Over the past
fifteen years I have worked in four different organizations that
were founded in New York in 1976/1977. These organizations are
all part of the history of the Alternative Arts movement in New
York, were all founded in downtown New York, all received significant
start up funding from the New York State Council on the Arts and
were originated to address under-recognized art forms, artists,
and anti-institutional curatorial practice (non-collecting) (P.S.1
and The Drawing Center) or a desire on the part of craft practitioners
to free artistic production from the factories (UrbanGlass and
Dieu Donne Papermill).
In this essay
I will present a timeline of institutions and events between the
late 1960’s to early 1970’s.
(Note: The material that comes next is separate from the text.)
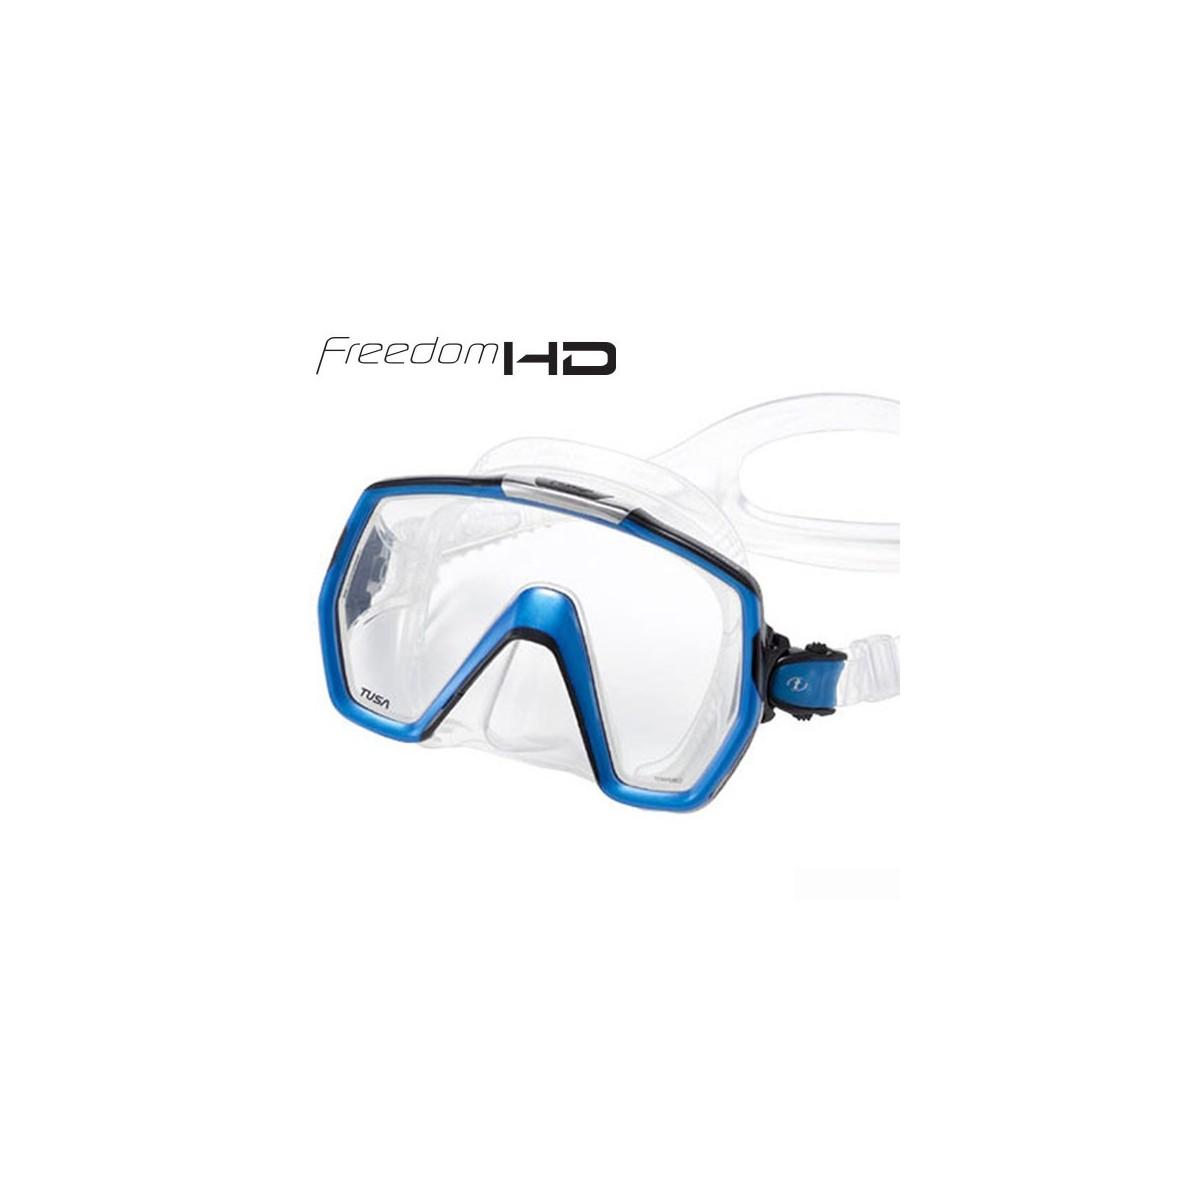 TUSA M-1001 Freedom HD mask
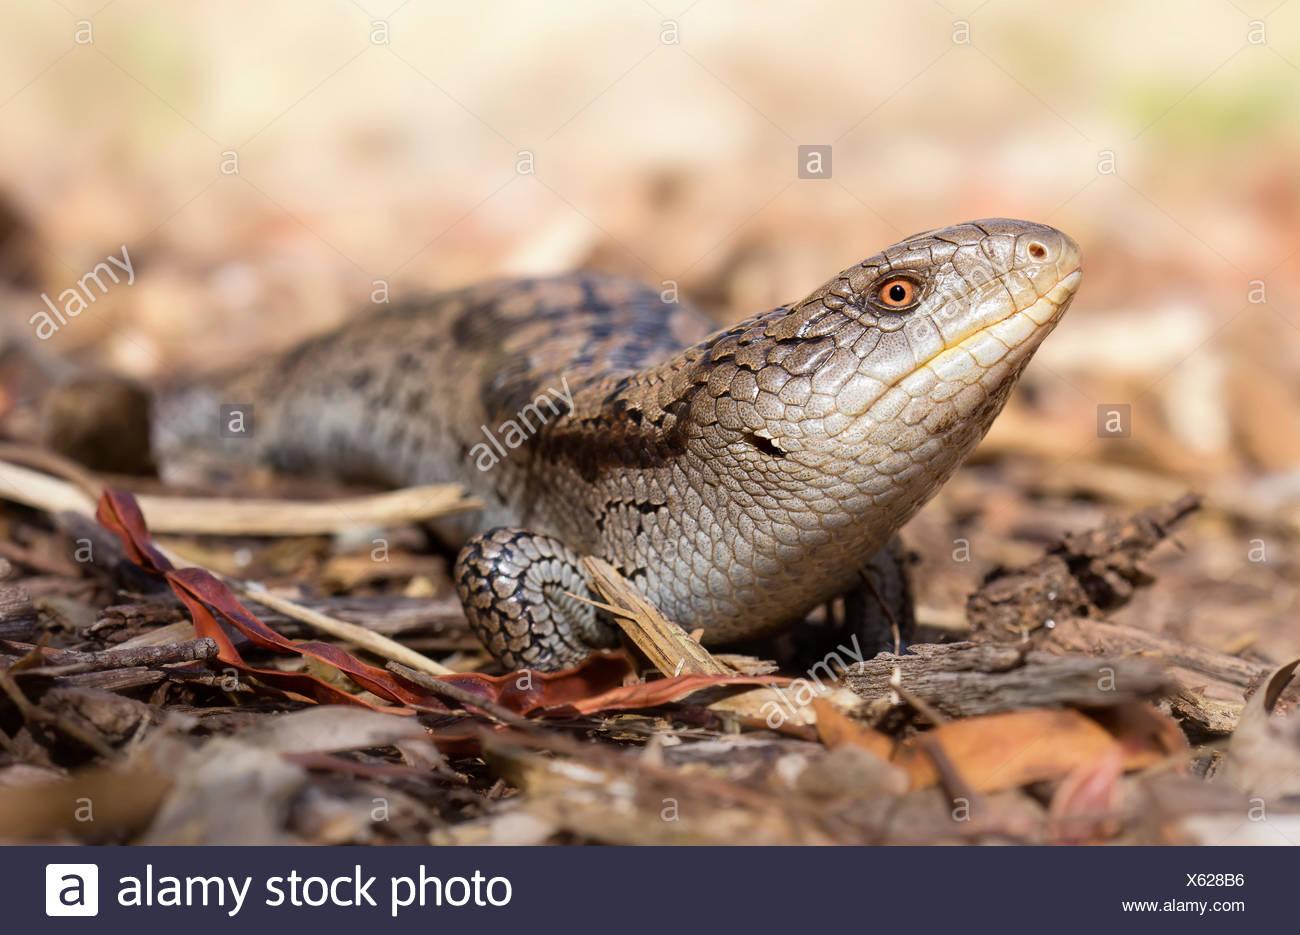 Australia, Blotched blue-tongue lizard crawling on ground Stock Photo

The four major ideas
that I will explore are:
1. Arts and Politics
2. Identity Politics
3. The Anti-Institutional Institutions
4. Studio Craft Movement
We will see from
this timeline that the Alternative Arts Movement in New York was
intricately linked to the political and aesthetic issues prevalent
in the late 1960’s – mid 1970’s. Vacant real
estate and a soft economy also played important roles in the development
of these groups. During this time New York experienced one of
its worst economic crises – leaving large swaths of the
city undeveloped and empty buildings, schools, and warehouses
were left vacant. At the time a handful of politicians and city
planners were cognizant of the fact that culture could be a way
to stimulate the economies of certain geographic locations. Through
the auspices of the government arts agency called The New York
State Council on the Arts and their leadership significant start
up grants were given to these groups once they had assembled and
gotten their non-profit status and governance in place. In addition,
Borough Presidents (who today have little power) were able to
turn over abandon city buildings, repurpose them for cultural
use and make them CIG’s (Cultural Institution Groups) which
were then added to the city’s line item budgets in perpetuity.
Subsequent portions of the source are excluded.